**What you should do**
Return the whole listing, line for line, without the pictures in it.

**Data extract**
╔══
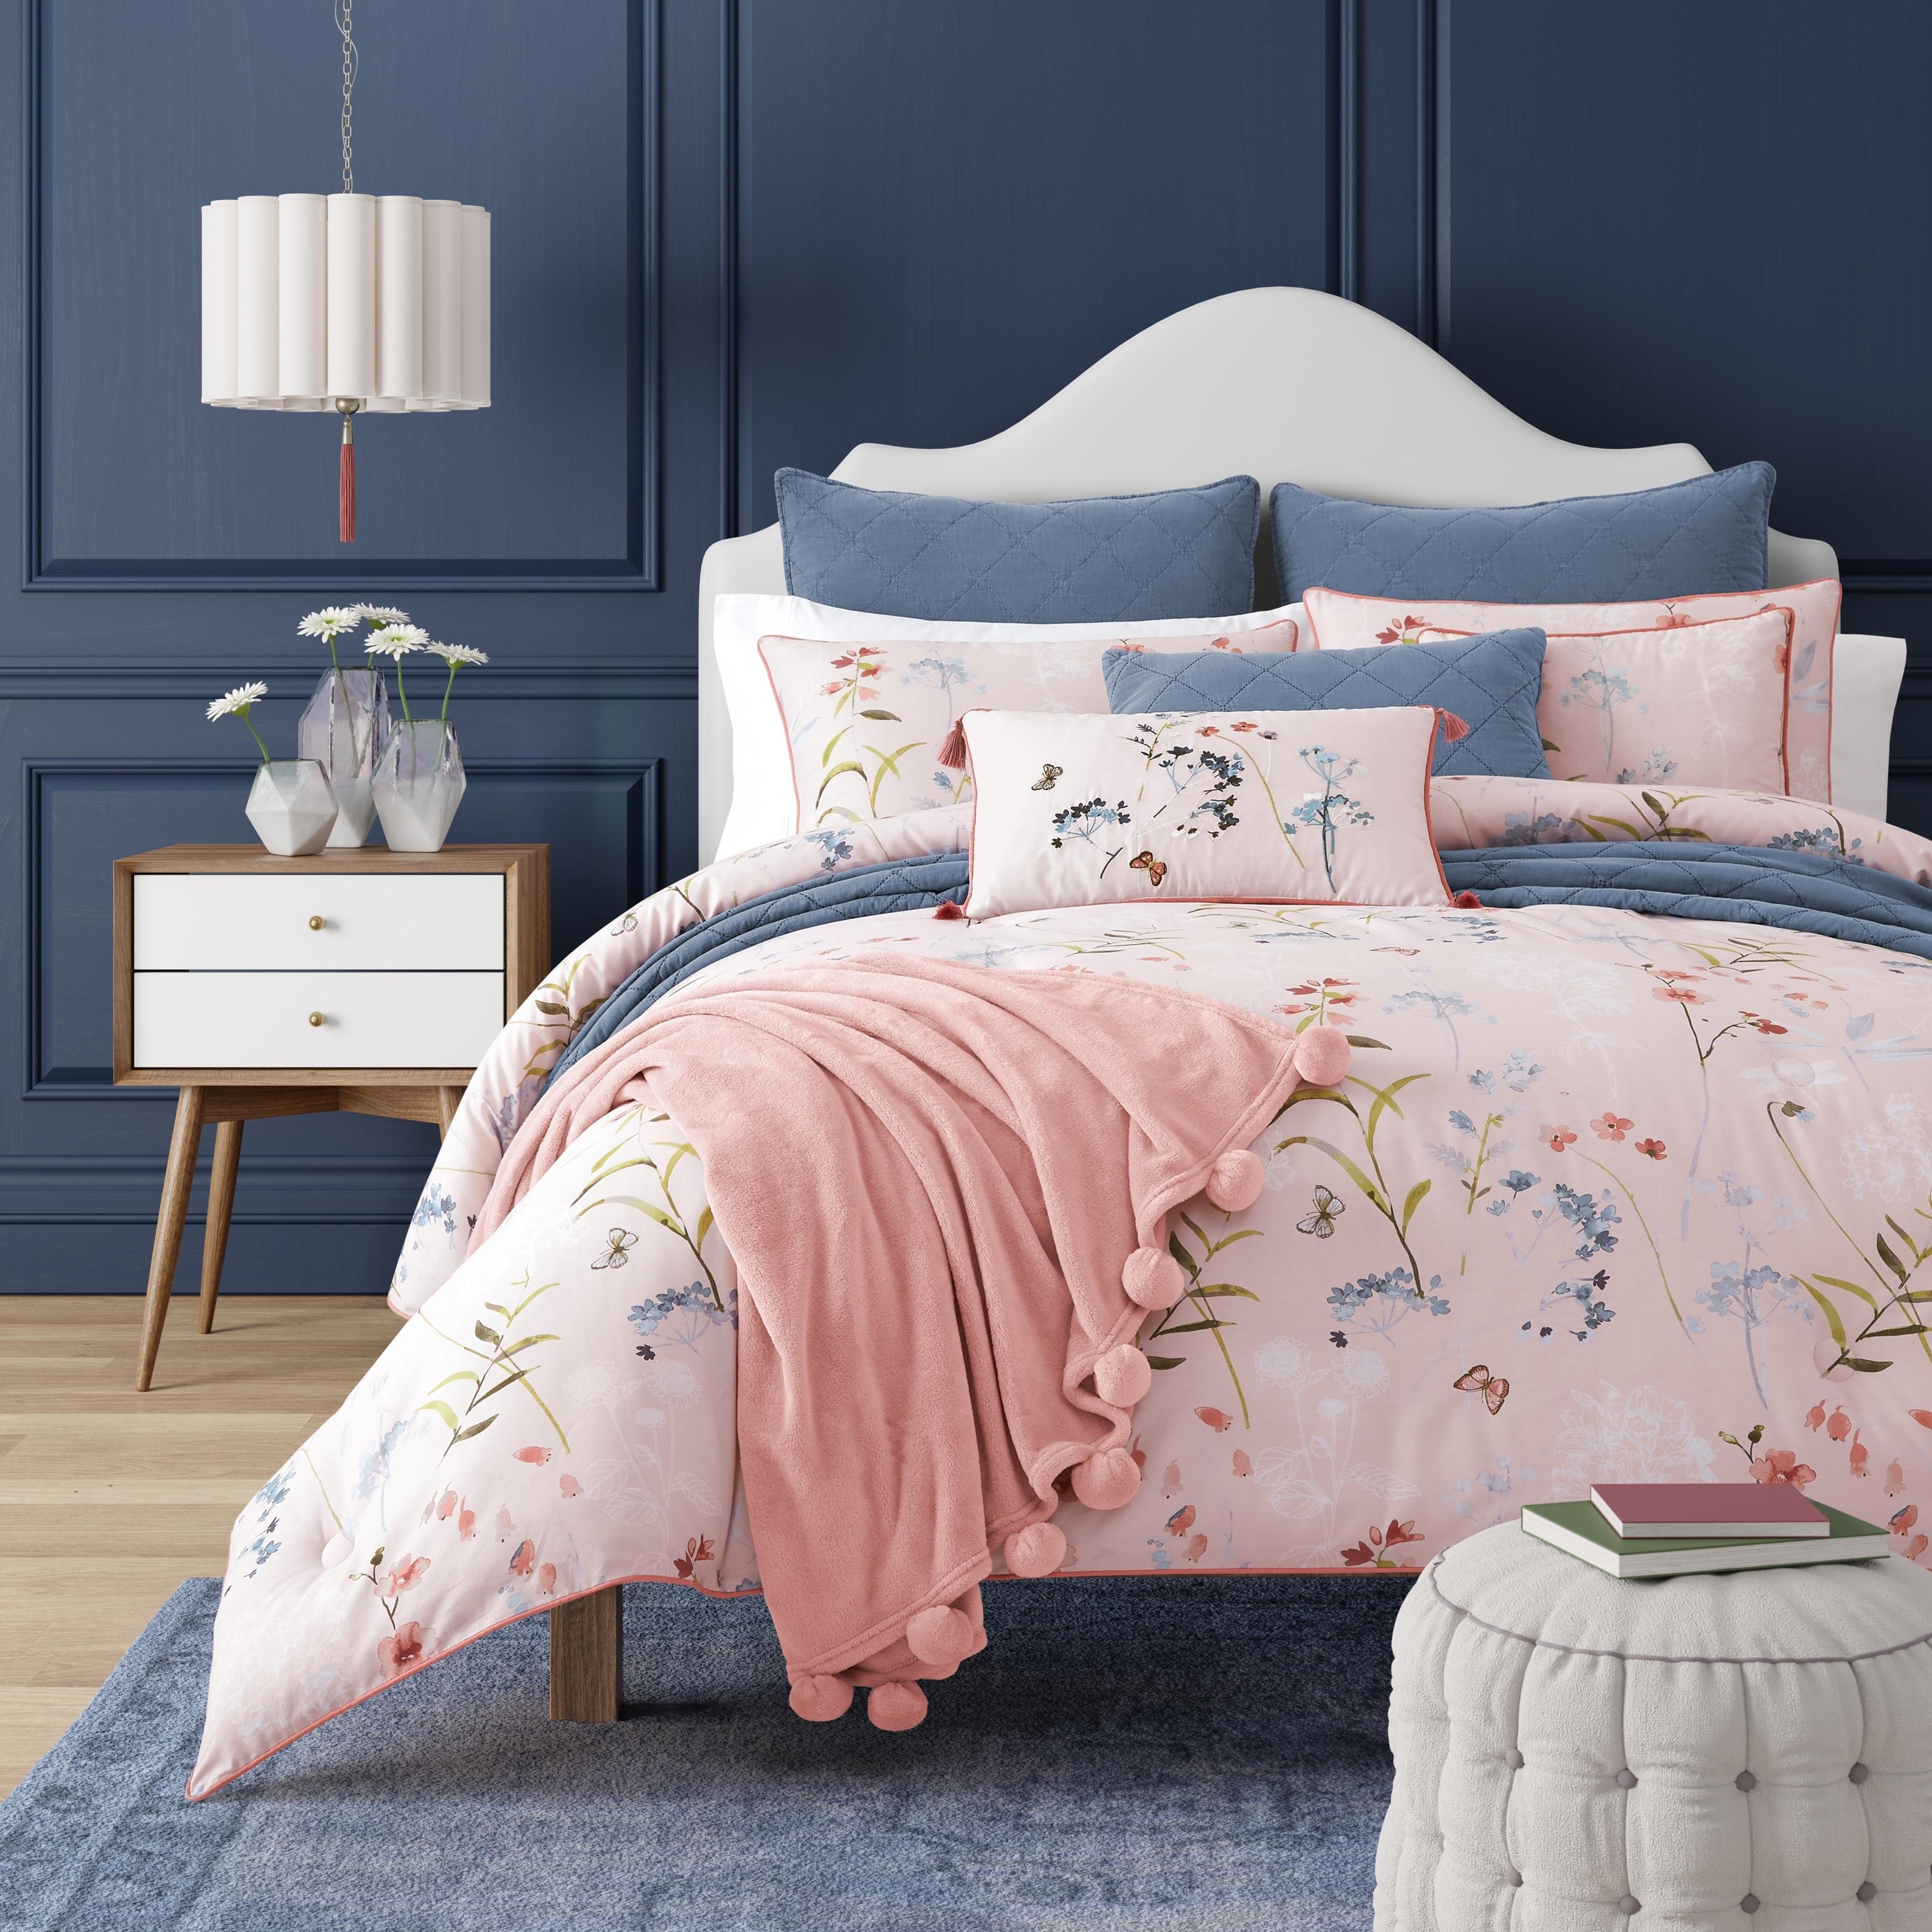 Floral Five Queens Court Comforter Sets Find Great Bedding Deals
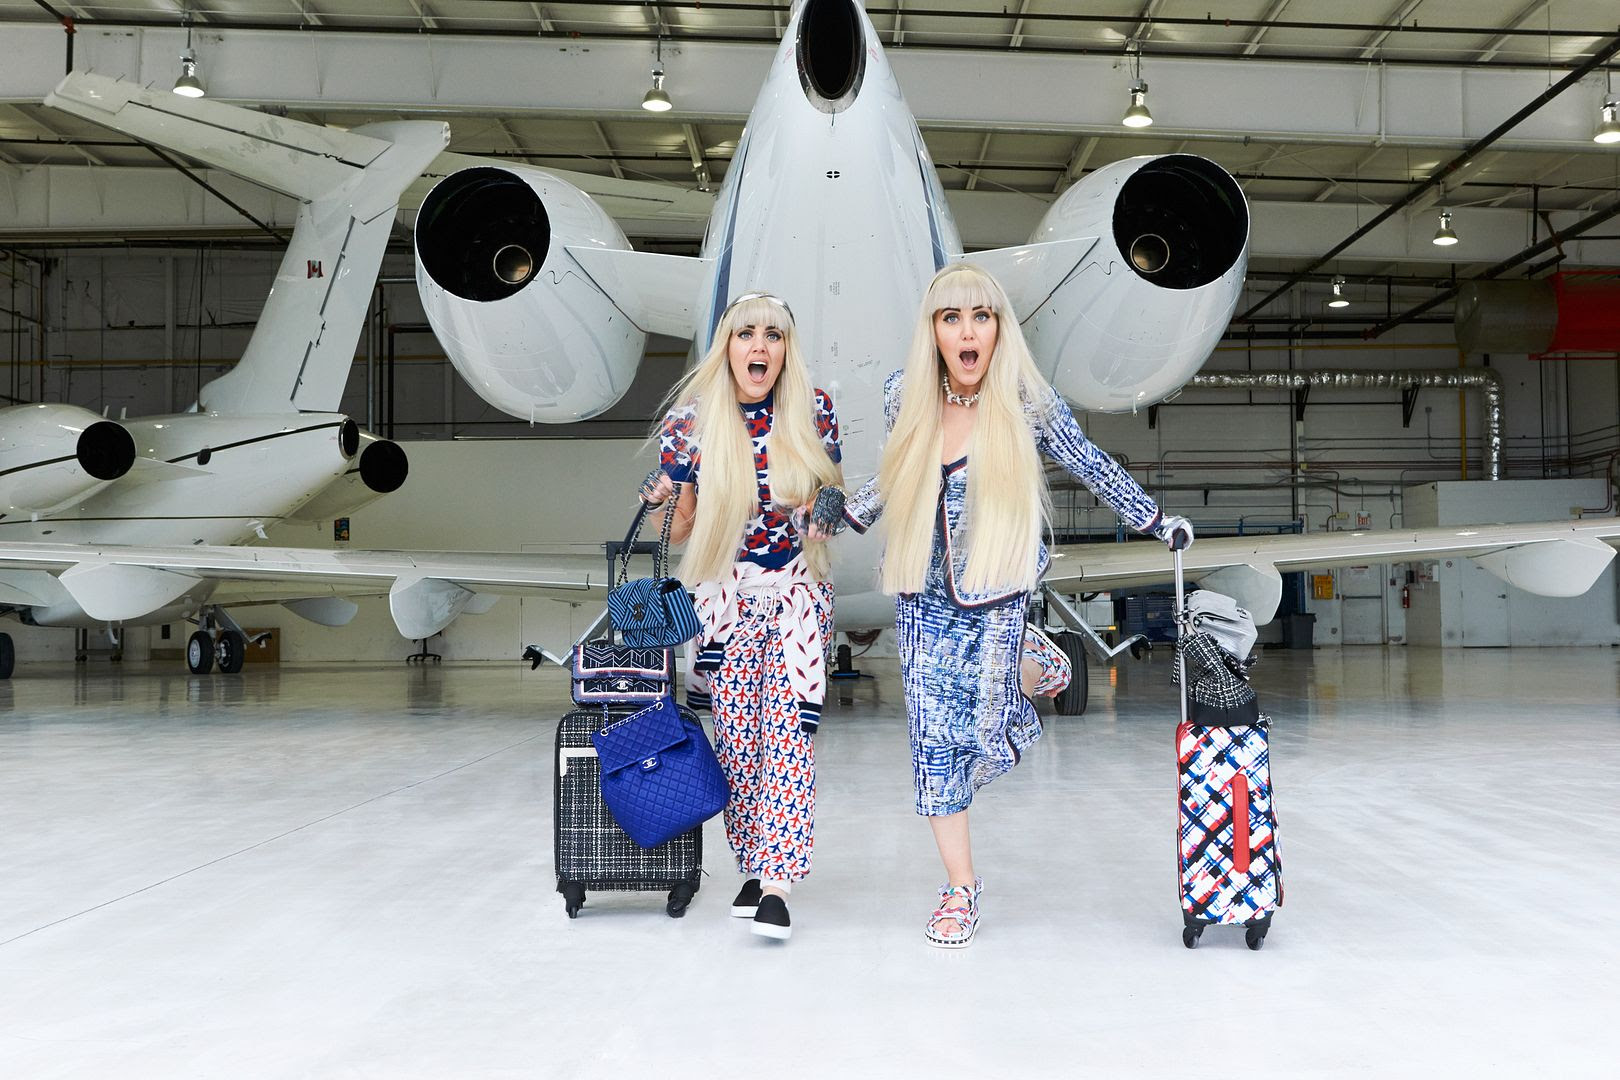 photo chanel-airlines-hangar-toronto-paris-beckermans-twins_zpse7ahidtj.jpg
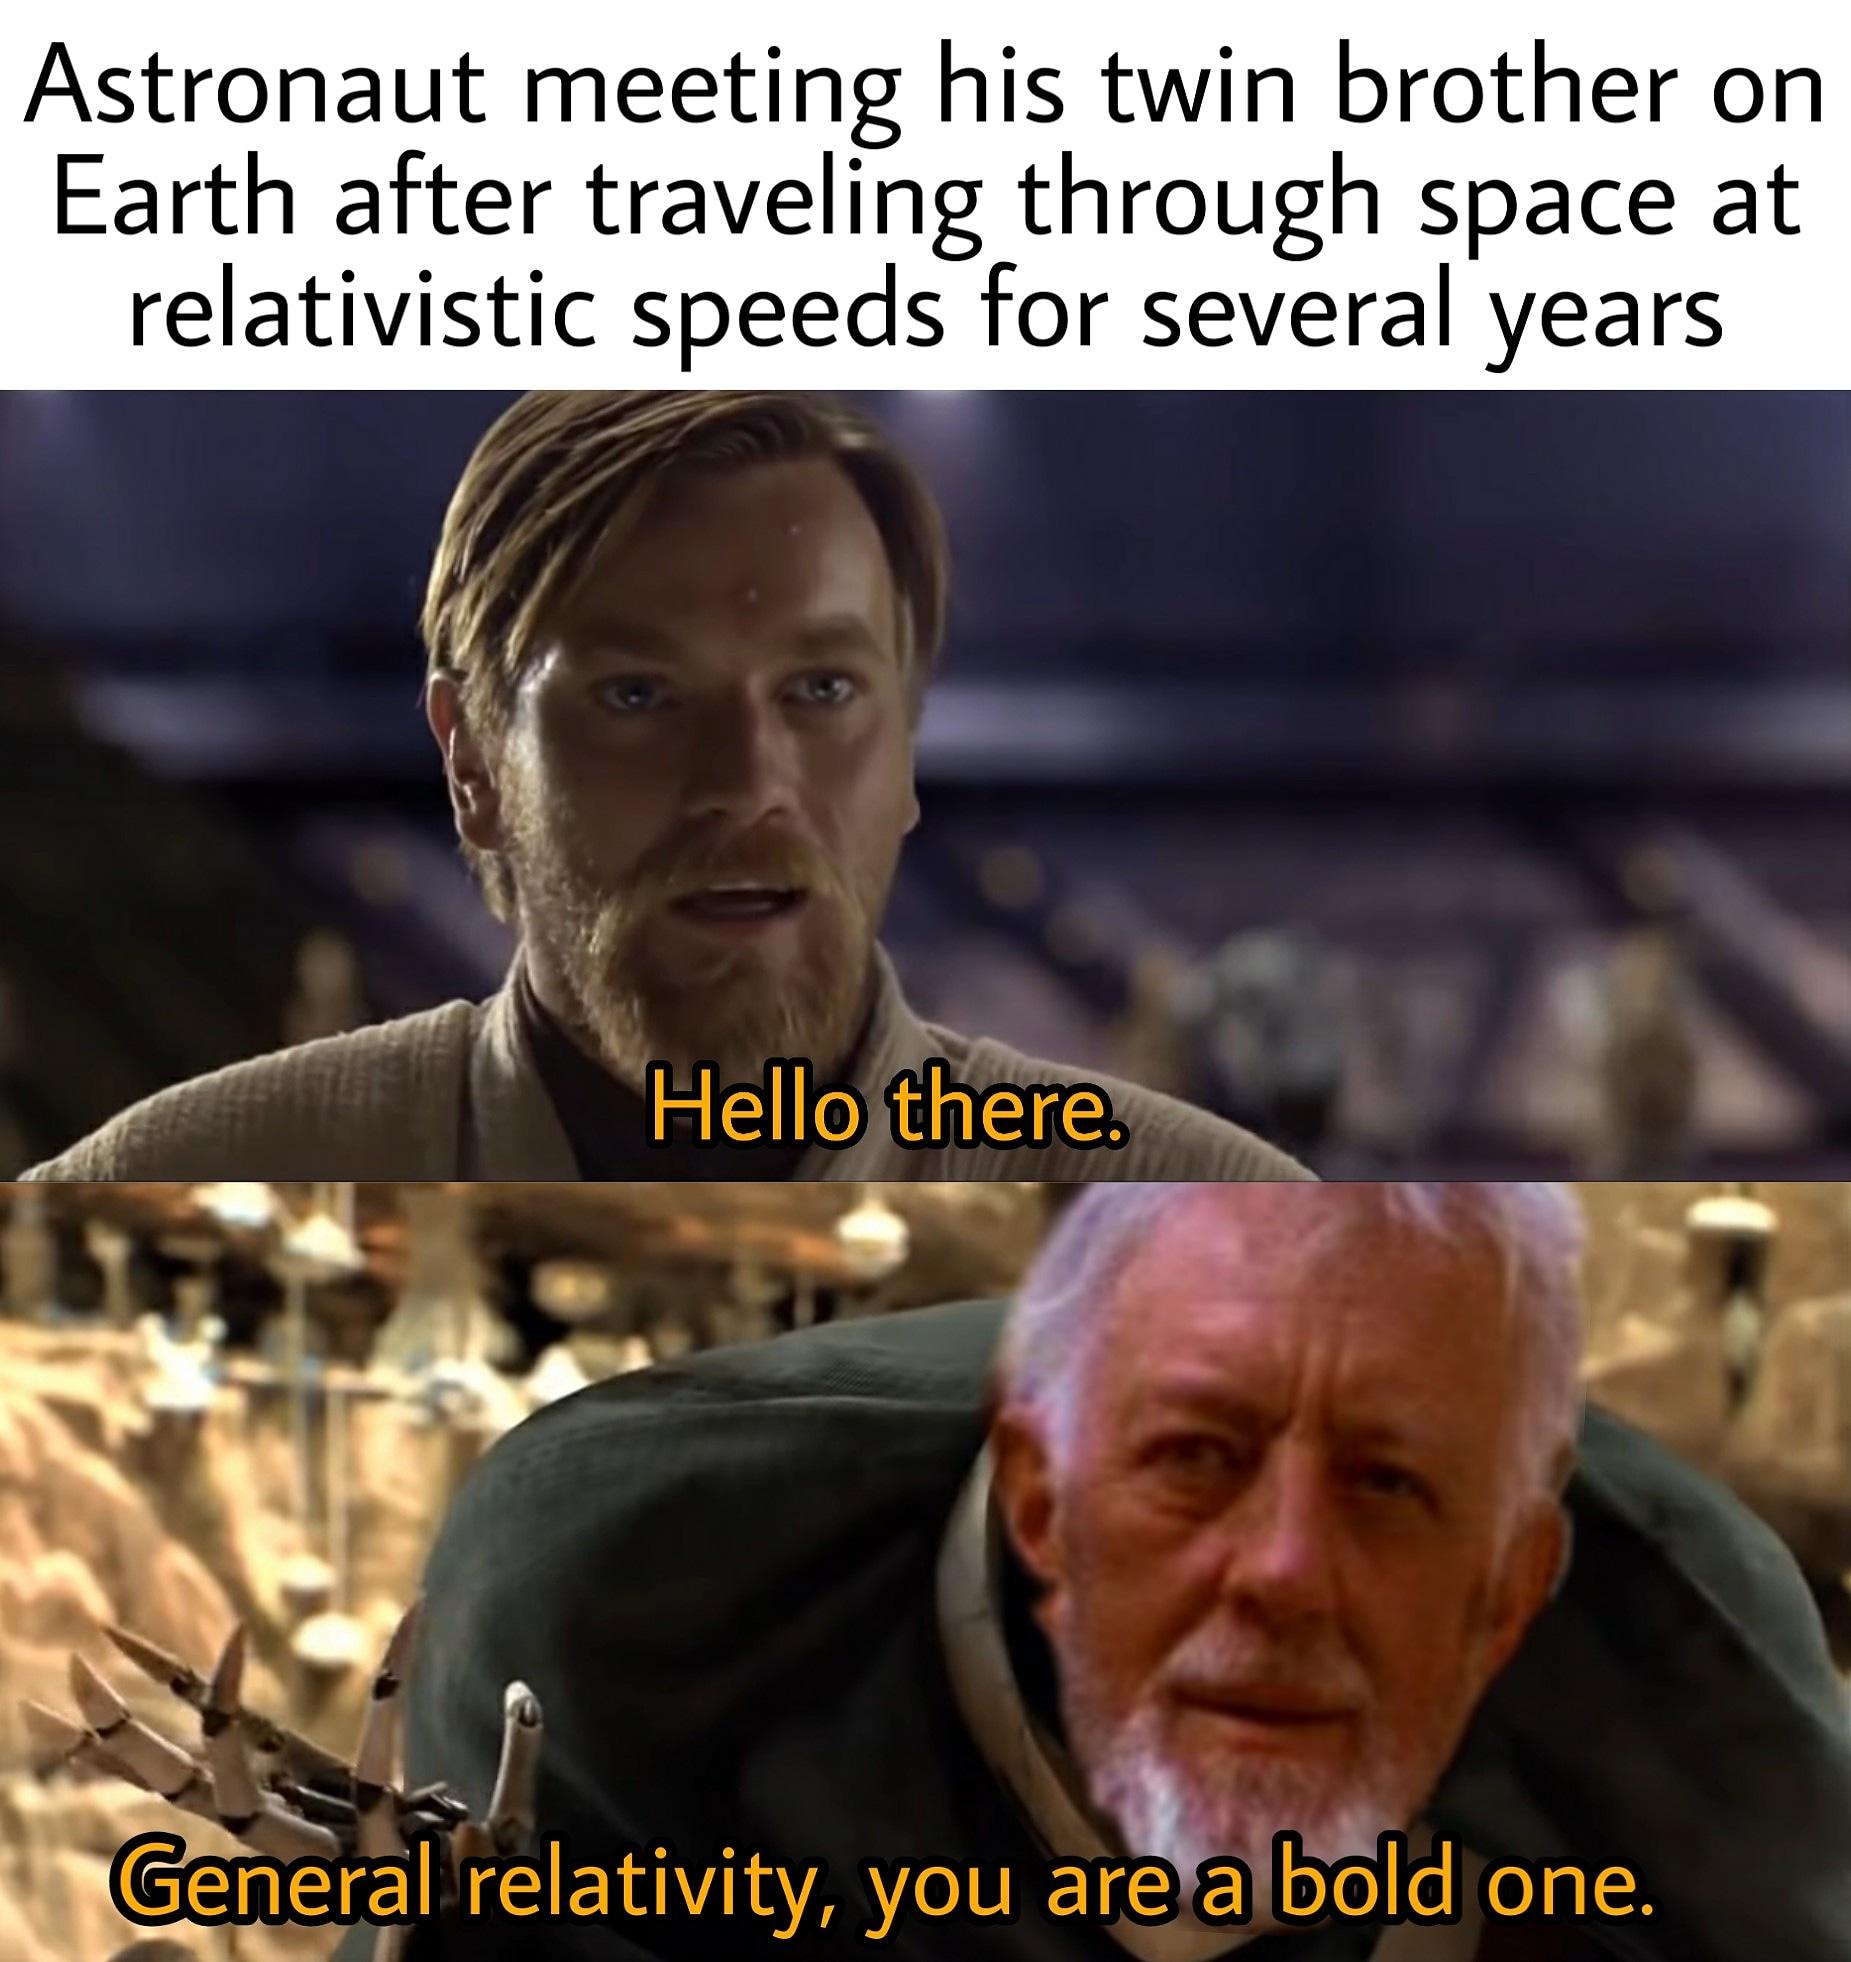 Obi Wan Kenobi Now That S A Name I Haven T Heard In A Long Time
╚══
**Exercise answer**
 Floral Five Queens Court Comforter Sets Find Great Bedding Deals
 photo chanel-airlines-hangar-toronto-paris-beckermans-twins_zpse7ahidtj.jpg
 Obi Wan Kenobi Now That S A Name I Haven T Heard In A Long Time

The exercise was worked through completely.